American film legend John Wayne did love a lot of movies, even his own. But there was one classic flick that The Duke did not like at all.
Consider him not a fan for The Man Who Shot Liberty Valance. And John Wayne was part of the cast, too. IDMb offers up a synopsis of the film: “A senator returns to a western town for the funeral of an old friend and tells the story of his origins.” Toss in that James Stewart was also in this film, and Wayne director John Ford was behind the camera.
What gives, Duke? Let’s get some information about his distaste for the movie with some help from the British publication Express.
John Wayne Could Not Keep Taking Constant ‘Needling’ From John Ford
Wayne and Ford would get involved in a back-and-forth on the movie set. Ford reportedly would shame John Wayne. But co-star Woody Strode said that Wayne would heap all of his frustration on him. Strode would recall that Ford “kept needling Duke about his failure to make it as a football player.” He even compared The Duke to Strode a former NFL player.
More grief for John Wayne included Ford mocking the actor for not enlisting in World War II. That sent a heap of guilt onto Wayne’s shoulders.
How did he feel about all of this mess? In Michael Munn’s book, John Wayne – The Man Behind The Myth, Strode said Ford’s criticisms “really p***ed Wayne off, but he would never take it out on Ford.”
No Way Would Wayne Let Ford Know About Being Upset Since Director Made Him a Star
Why? Well, Ford had made Wayne a movie star. Strode said that Wayne “ended up taking it out on me.” For example, both actors filmed an exterior shot on a horse-drawn cart.
It was John Wayne who was close to losing control of the horses. Strode tried to help him, but The Duke knocked him away. The horses stopped and Wayne actually tried to punch Strode. Ford yelled, “Don’t hit him Woody! We need him!”

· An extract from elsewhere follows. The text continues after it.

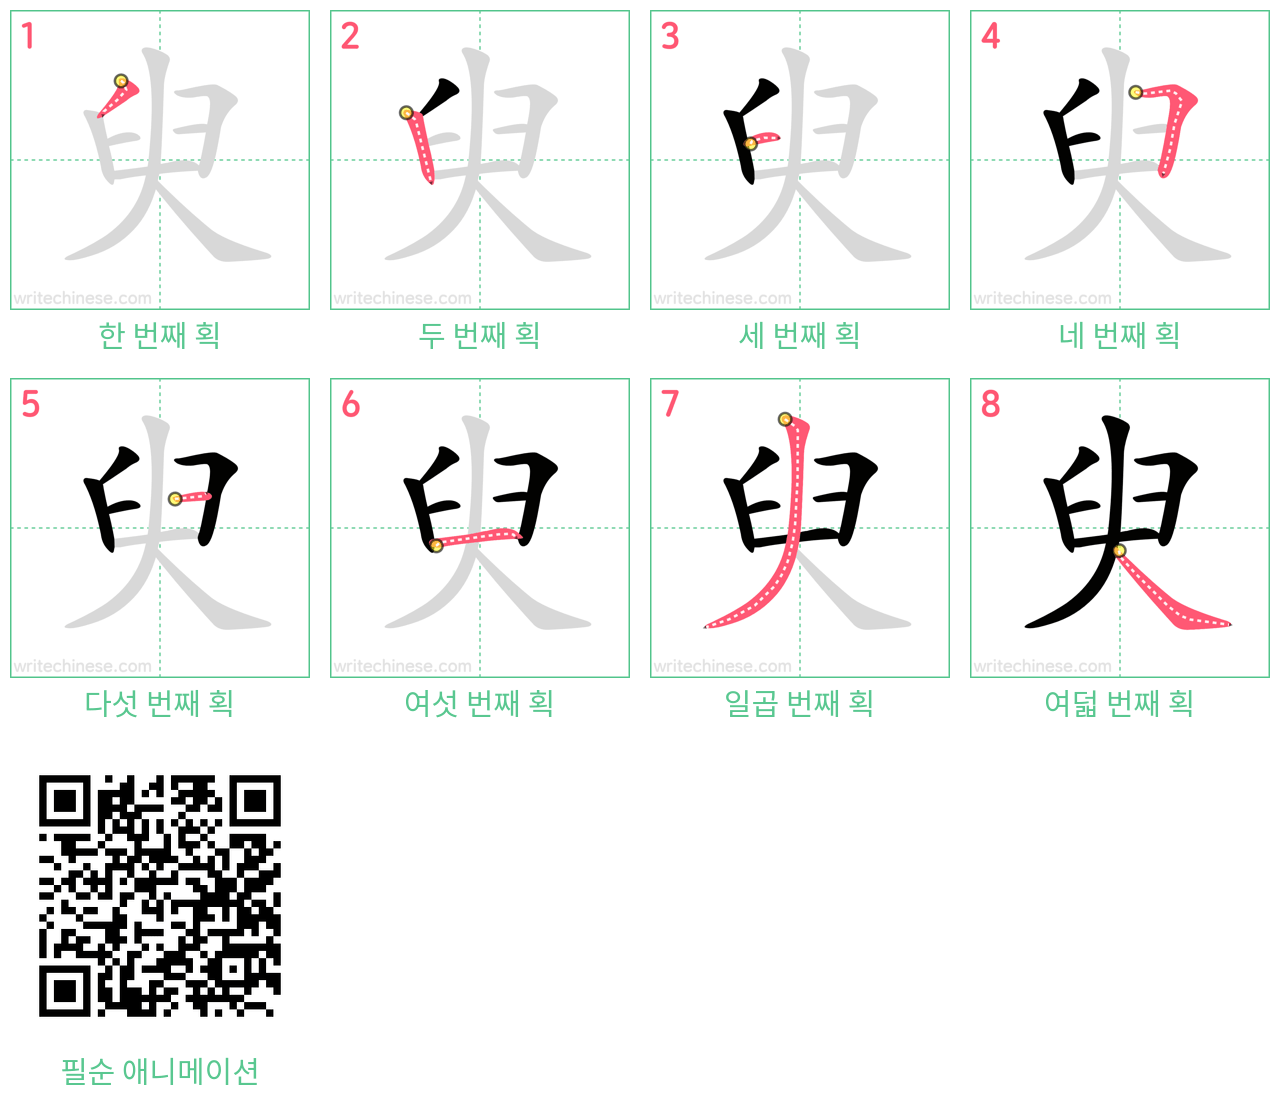 臾 step-by-step stroke order diagrams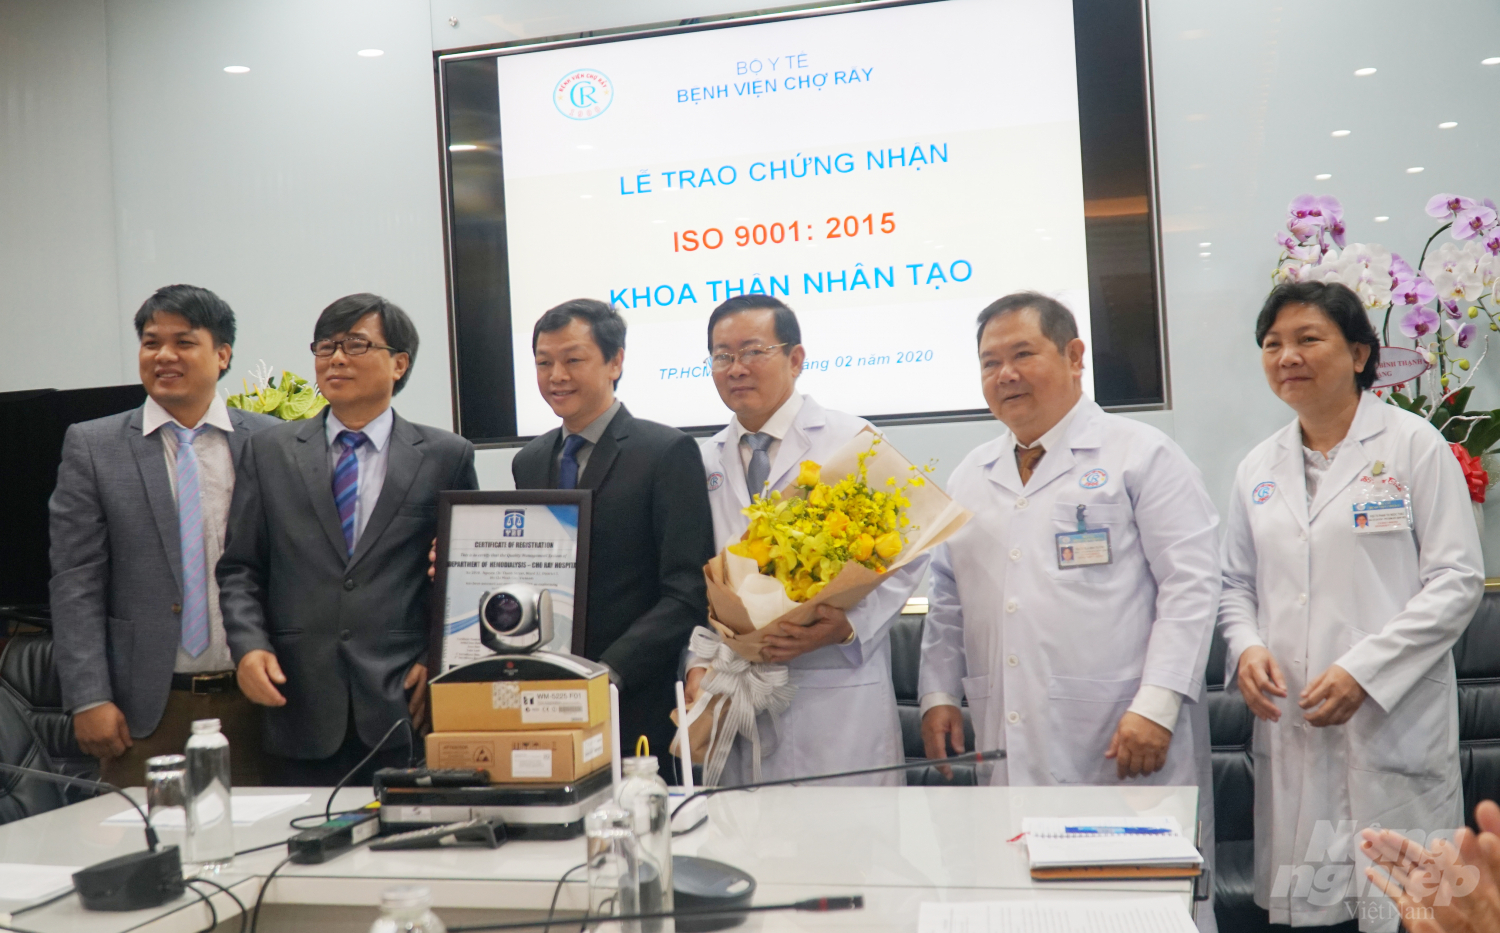 Bệnh viện Chợ Rẫy (TP.HCM) nhận chứng nhận ISO 9001:2015 về thận nhân tạo. Ảnh: Nguyễn Thủy.

That led to Wayne telling Strode, “We gotta work together. We both gotta be professionals.” Ford filmed other Westerns with John Wayne in color like The Searchers and She Wore a Yellow Ribbon. This 1962 film was shot in black and white.
Cinematographer William H Clothier said, “There was one reason and one reason only… Paramount was cutting costs. Otherwise, we would have been in Monument Valley or Brackettville and we would have had color stock. Ford had to accept those terms or not make the film.” And it’s considered a film classic, too, with the Gene Pitney-sung theme song, too.